I think I am going to just shut up for a little while.
At least about certain themes.
And stick to what I (think) I understand.
Which is very little in any case, I am afraid.
Yes.

Among other things, "my" great idea about a track-back/RSS-based tool to track online conversations is already up and running and it's (aptly) called Topic Exchange.
You can basically set up a channel and then use it to "follow" ongoing conversations related to it as they get automatically updated using track-back pings.
Pretty much everything is also accessible via RSS and your aggregator of choice.
While you are it you might check the Topic Exchange channel that Seb Paquet created to track the conversation that followed Joi Ito's conference call on "Emergent democracy".
Yes.

A concept similar to Topic Exchange seems also to be behind Reversible (via Jason Kottke).
It claims to be a bit like a webring, a bit like a wiki, a bit like a directory and a bit like a newsgroup.
And a bit hard to figure out I'd be tempted to add.
Yes.
Shut up.
Yes.


Posted by fabio sergio | 6:03 PM | permalink


 

The revenge of Headmap's globe.

There had to be something brewing.
After a few days of silence the great guys over at Headmap are at it again.
A new, fabulous, en(tr)hanced version of their 3D Blogosphere, now loaded with useful, mind-opening features.

How about open-source code to add the globe to your own pages, to use it as a tool?
How about a fully-working Movable Type plug-in that allows to add geo-contextual info to your posts?
How about the ability to also add information about your mood, and track it as well?
How about existing databases of places (hot tubs !), linked to maps and RSS feeds?

I am blown away at what they achieved.
And in such a short time.
Now if I only could pry my hands off the thing...
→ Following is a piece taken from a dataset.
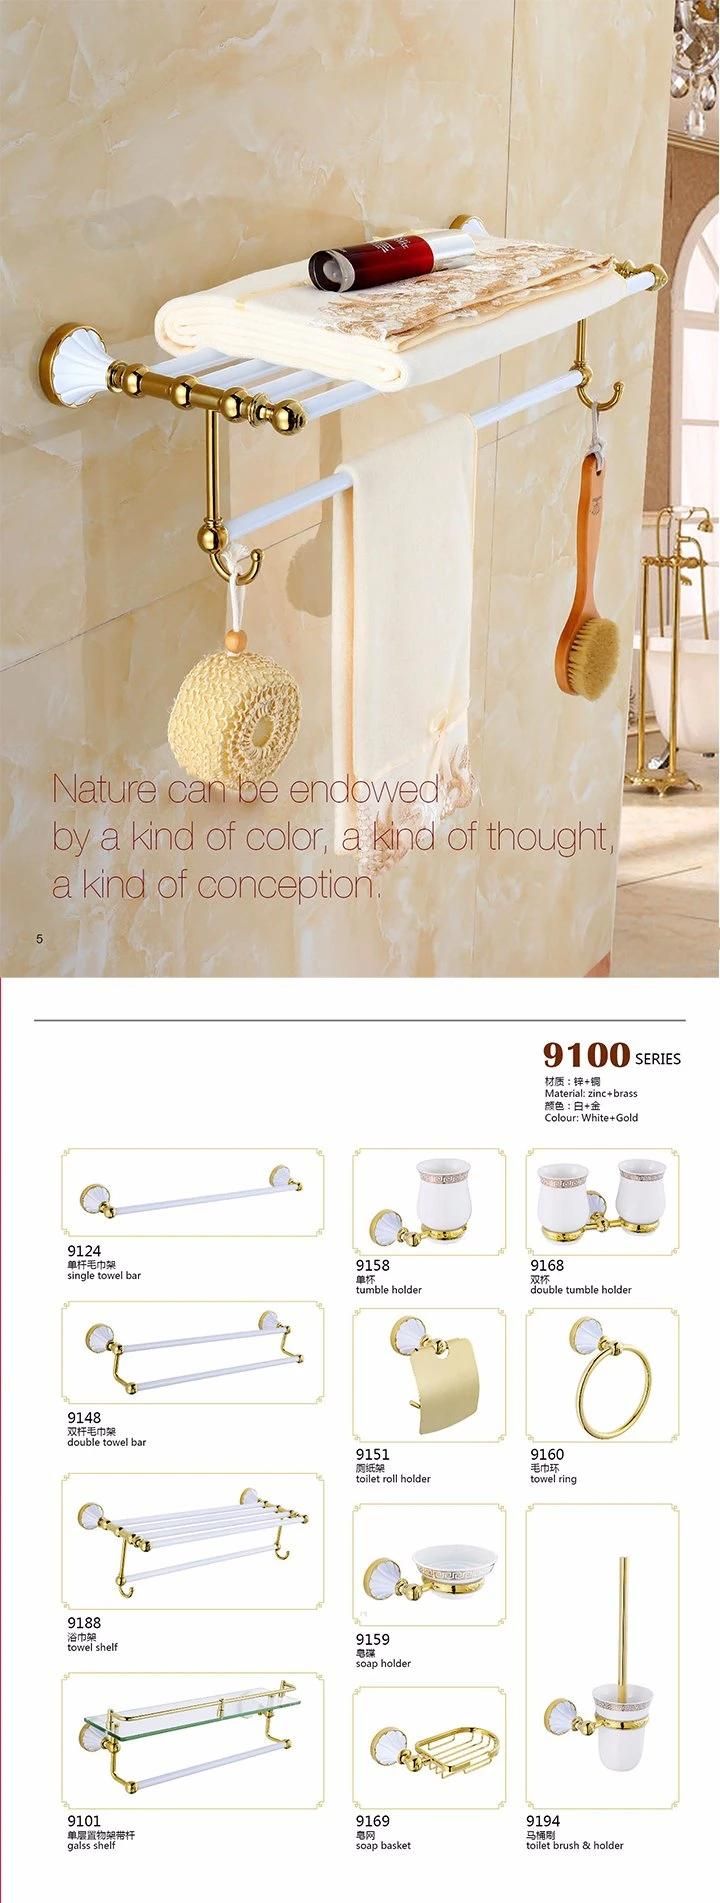 Best Price Spare Toilet Paper Roll Holder 9600 Series

Posted by fabio sergio | 3:07 PM | permalink


 

Ocean Observations.

My good friend and former head of Information Design at Razorfish Stockholm, "Nome" Anders Norman, has co-founded Ocean Observation, a Swedish user-centred design studio with first-class web and mobile expertise.

Nome has been years ahead in his thinking ever since I've met him a few years ago, and he was behind the most interesting Information Design tools I saw at Razorfish.
Just check out his first white paper "User-centred design in the experience economy era" (PDF) to see what I mean.
His signature recipe of strategic wisdom mixed with funky humor.
Can't wait to see what's coming next...


Posted by fabio sergio | 3:04 PM | permalink

............


February 12, 2003
 

Weblogcraticism and conversations.

Tom Coates picks up the linklog theme I had briefly touched upon a little while ago.
His conclusions seem to be not too far from mine really, but I think he adds very interesting considerations.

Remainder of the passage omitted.